The significant thing is the "i2c_dw_xfer" line, where I add a print of
the current state.  Here, we can see that the transfer is mid-way, but
a stop condition has been generated by the hardware, leaving 55 bytes
to be received.

Unfortunately, the i2c-designware driver ignores this, and believes that
the transfer completed both fully and successfully, but returns bogus
data to userspace or the kernel driver.  That's really _bad_ behaviour
by the driver - it should at least return an error.

Totally agree.

This problem is _soo_ bad that on my Juno, I can't run Xorg (it hits
this every time we try to read the EDID) nor can I boot with the TV
connected (it hits this every boot as well.)

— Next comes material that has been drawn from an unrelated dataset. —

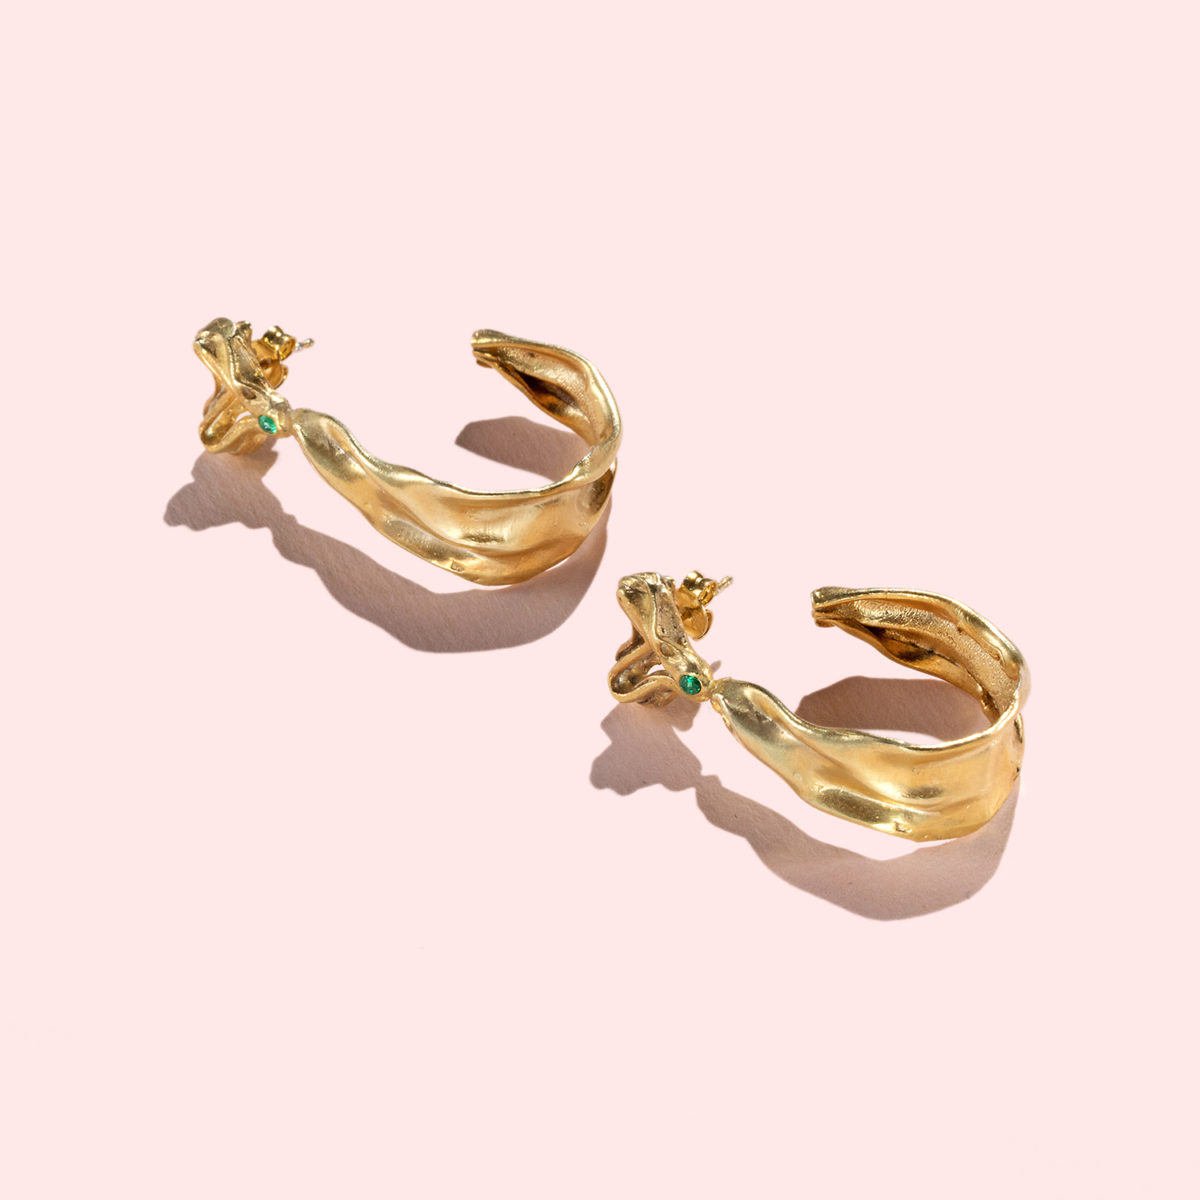 Ohrringe-Athena-Luxus-Silber-925-Gold-24k

I'd go as far as to say that the i2c-designware hardware, when
configured with this option set to zero, is fundamentally broken for OS
which do not provide any guarantee for interrupt latency, such as Linux.

The commit above tries to mitigate this by reducing the Tx FIFO
threshold, so the interrupt is raised sooner, but that's clearly not
enough for reliable operation.

Another mitigation would be to lower the I2C bus frequency on Juno from
400kHz to 100kHz, so that there's 4x longer IRQ latency possible.
However, even that isn't going to be reliable - even going to 100kHz
isn't going to allow the above case to be solved - the interrupt is
delayed by around 2ms, and it takes about 1.4ms to send/receive 16 bytes
at 100kHz.  (9 * 16 / (100*10^3)).

So, I think all hope is lost for i2c-designware on Juno to cope with
reading the EDID from TDA998x reliably.

:-(

I wonder if we can get it work more reliably by using DMA (provided that
there are DMA channels available for I2C in Juno)? That would allow the
hardware to perform longer reads without relying on how fast the
interrupt handler is able to empty the Rx FIFO.